The human visual cortex is divided into specialized modules that code a variety of different visual features, like motion in area MT/MST [
1,
2], faces in the fusiform face area (FFA; [
3]) and houses in the parahippocampal place area (PPA; [
4]). This division of labor entails a well-known problem: When confronted with multiple objects, how does the visual system 'know' which features belong together in one object?

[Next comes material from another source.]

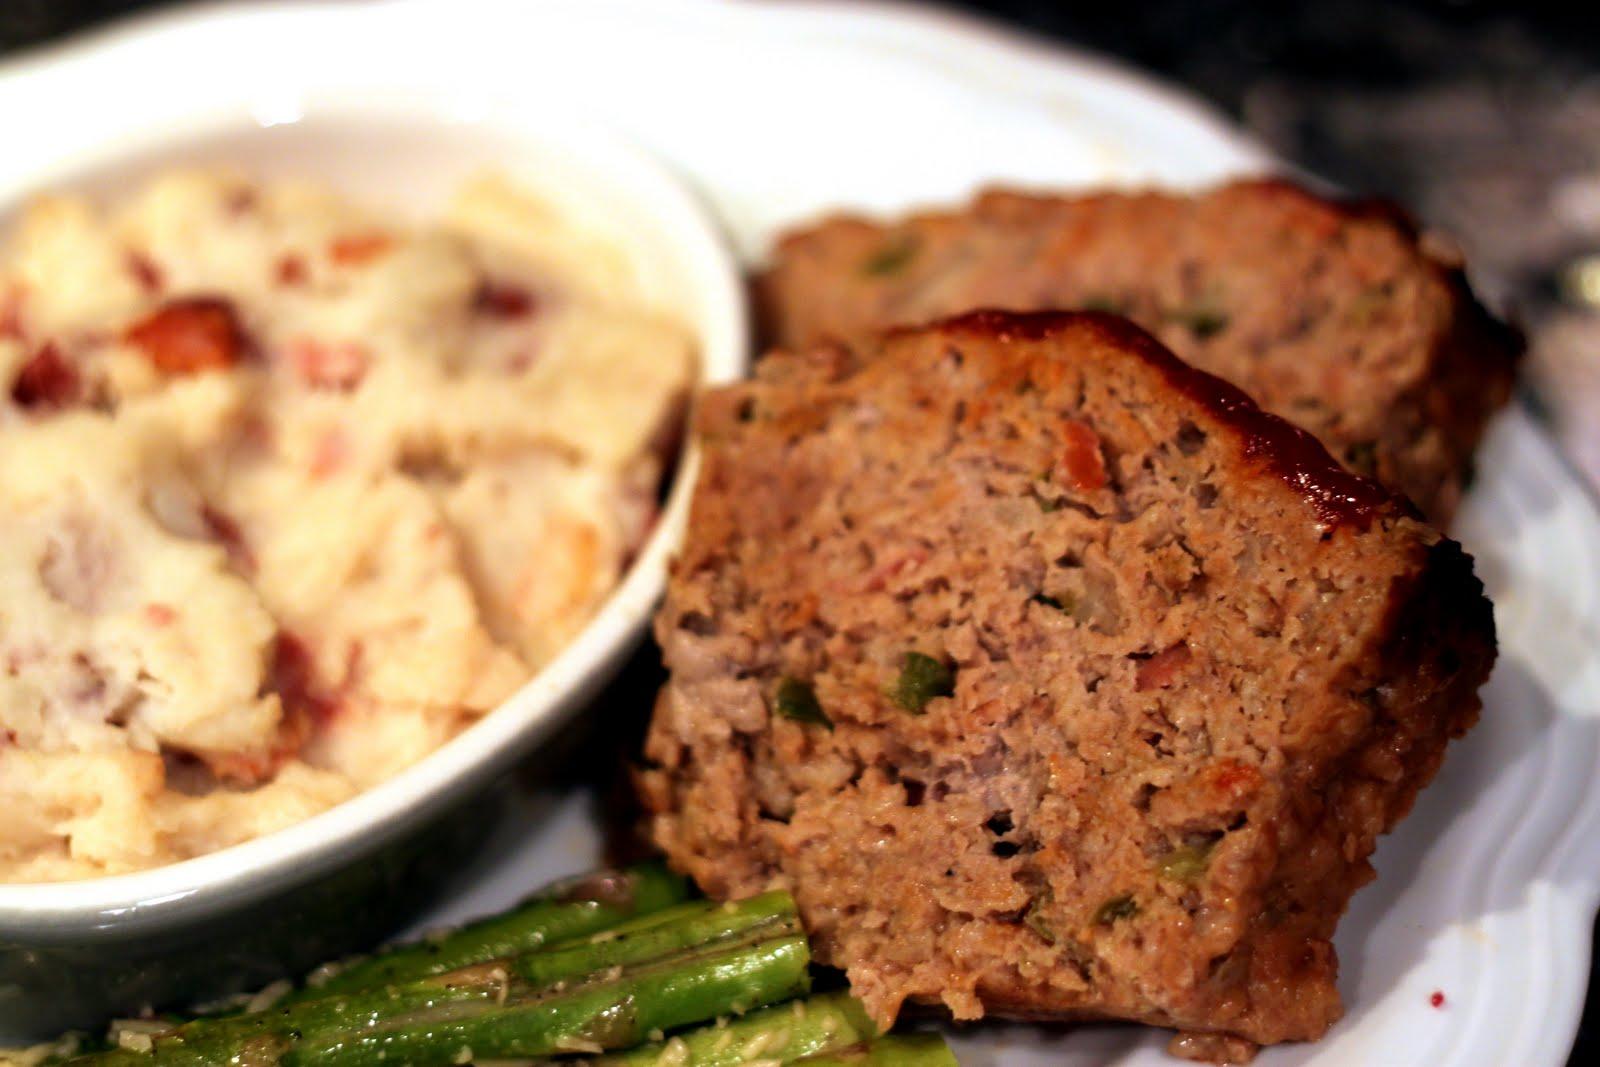 Pineapple Grass: Emeril's Turkey Meatloaf

This so-called 'binding problem' [
5] calls for the integration of information into object representations or 'object files' [
6]. The immediate consequences of such integration have been demonstrated in an elegant study by O'Craven et al. [
7]. Their subjects saw overlapping pictures of a house and a face, with either the house or the face moving. When subjects were asked to respond to the direction of the motion, attention spread from the motion to the object, regardless of which object was moving: Functional magnetic resonance imaging (fMRI) results showed that the PPA was activated more strongly when the house moved, and the FFA was activated more strongly when the face moved. This suggests that attending to an event creates some sort of functional link between the representations of its features, whether they are relevant (like the direction of the motion in this example) or irrelevant (like the faces or houses). Further support for this notion comes from a recent fMRI study by Yi et al. [
8] who found that face-selective regions in the FFA and lateral occipital cortex exhibited significantly less activation when (task-relevant) faces were repeated in (task-irrelevant) continuous versus discontinuous trajectories. Again, this suggests that attending to a moving object creates an object file in which object identity and spatiotemporal parameters are closely integrated.

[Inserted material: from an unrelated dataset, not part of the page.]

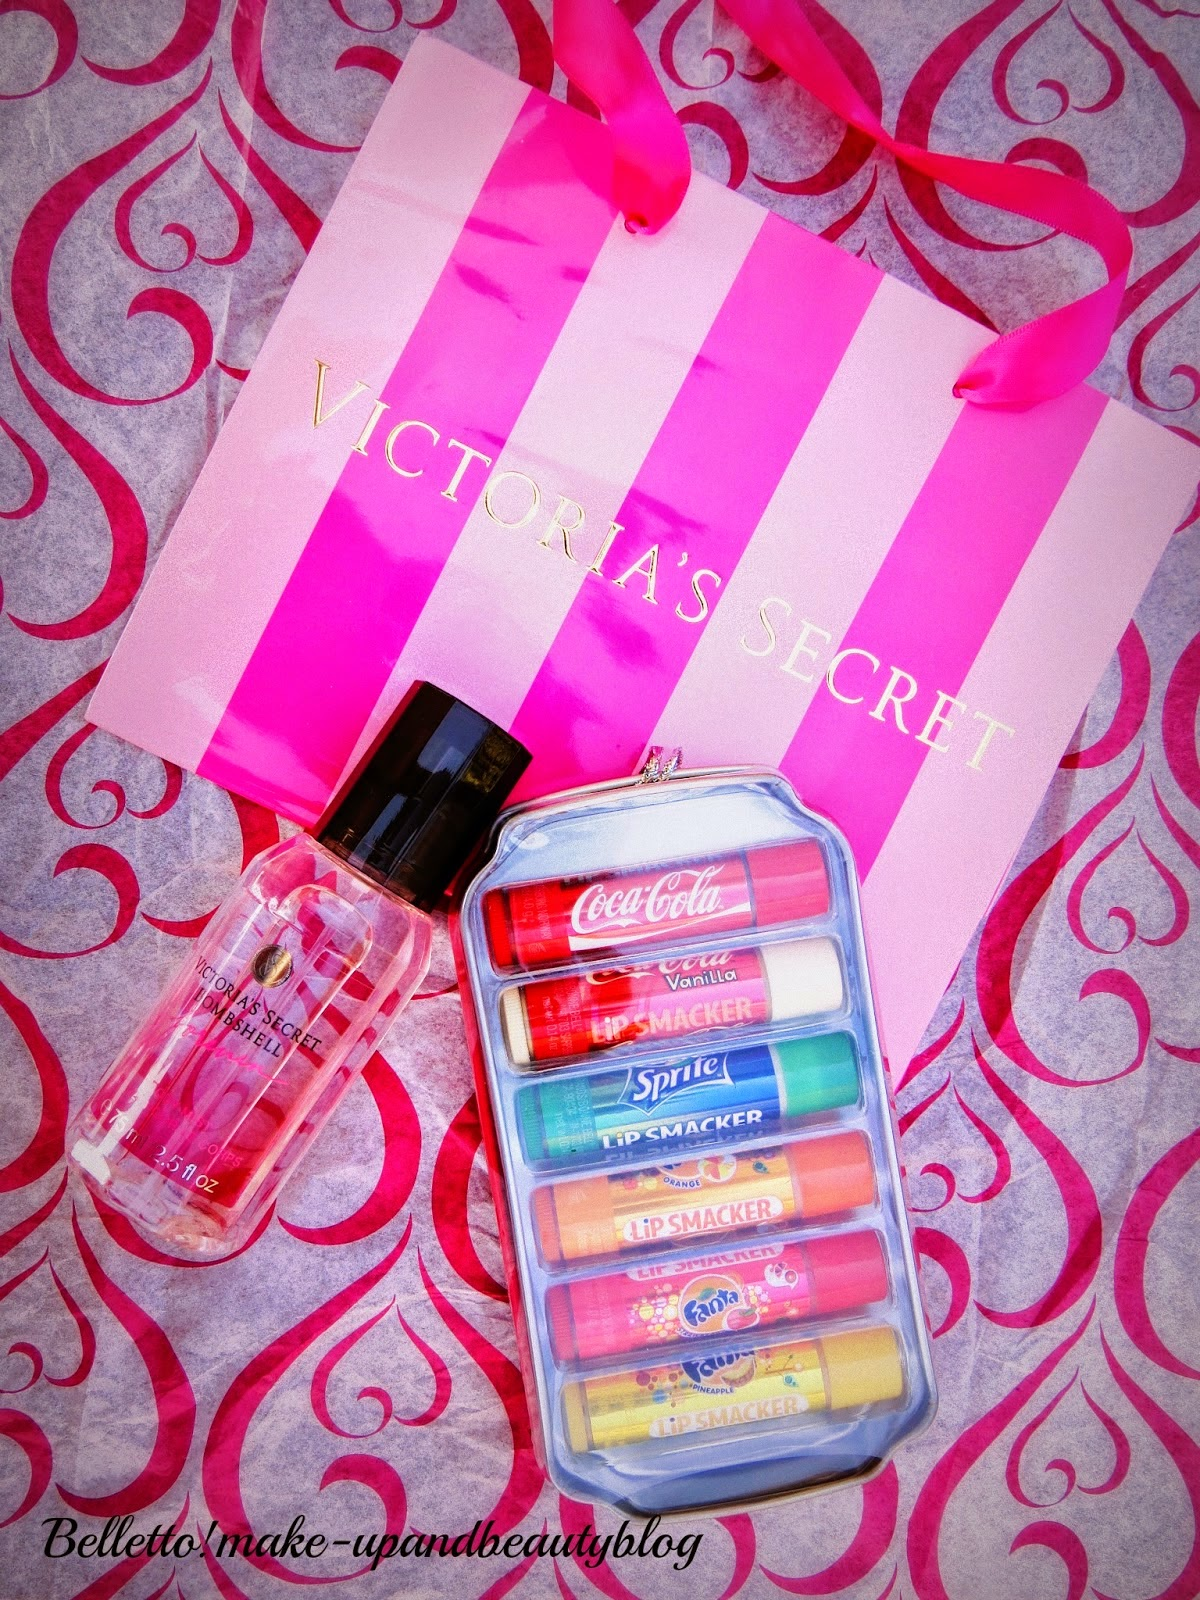 http://bellettomake-upandbeautyblog.blogspot.it/2014/06/summer-2014-giveawayper-il-lato.html?showComment=1402481717362#c36076592859857149

To ensure stable percepts of objects (e.g., tolerating small changes in viewpoint or lighting), the functional links or object files need to be persistent over time. Indeed, behavioral research suggests that object files outlive the events they represent by several seconds and that they affect subsequent behavior in a systematic fashion [
8,
9]. For example, if subjects respond to one feature (e.g., shape) of a two-dimensional stimulus (e.g., varying in shape and location), they respond faster and more accurately if the two stimulus features both repeat or both alternate, than if one feature repeats while the other alternates [
9-
14]. Consistent with the notion of object files, this finding suggests that processing an object binds its features such that if one or all of these features are encountered again, the whole object file is retrieved. If this involves reactivation of a feature that mismatches with features of the present object (which happens when one feature repeats and another alternates), performance is impaired because of the conflict between retrieved and perceptually available features and/or because the old associations need to be deconstructed [
14]). Note that the task described here did not require participants to integrate features; therefore the obtained effects provide a relatively pure measure of automatic, implicit integration processes, free of particular task-dependent strategies [
15].
Automatic retrieval of object files has the theoretically interesting property of mimicking several effects that are often attributed to executive control processes. For example, there is evidence that at least substantial portions of the flanker-compatibility effect [
16], the Simon effect [
17], inhibition of return [
18], and negative priming [
19] are actually produced by the impact of object files formed in the previous trial. However, the neural mechanisms underlying the hypothesized object-file retrieval are unknown and direct demonstrations that feature repetition actually induces the retrieval of corresponding object files are lacking. Accordingly, the present fMRI study was designed to test whether reviewing a particular stimulus feature reactivates the features of the object it previously accompanied. The features/objects that we used to address this question were motion, faces, and houses, which, as noted above, activate distinguishable regions of the occipitotemporal cortex [
7]. These stimuli have been shown to integrate in a similar way as more basic features such as location and color [
20]. As in previous studies [
9], participants were presented with two stimuli: A task-irrelevant prime (S1) and a probe (S2). Both stimuli consisted of blended pictures of a face and a house. On each trial, either the face or the house moved in one of two possible directions and participants were instructed to respond as quickly as possible to the direction of the moving object in S2. Thus, each stimulus consisted of two features (motion direction and moving object) that were orthogonally repeated or alternated between S1 and S2 (Figure ).
We expected to obtain the standard behavioral result: Repeating the motion direction and the moving object, or alternating both, should yield better performance than repeating one feature and alternating the other. The fMRI measures were used to test whether this pattern actually reflects object-file retrieval. In particular, our approach was to use activity in the FFA and PPA as an effective index of the degree to which the task-relevant stimulus feature (motion direction in S2) reactivated the task-irrelevant feature (moving object) it accompanied in S1. Thus, we examined whether repeating the motion direction reactivated the object (face or house) that moved in this direction in S1. Diagnostic for this reactivation effect are conditions in which the moving object changes (e.g., if a house moved in S1 but a face moved in S2): Repeating the motion direction in S2 should tend to reactivate the representation of the house that moved in this direction in S1, which should lead to a greater activation of the PPA than if motion direction alternates.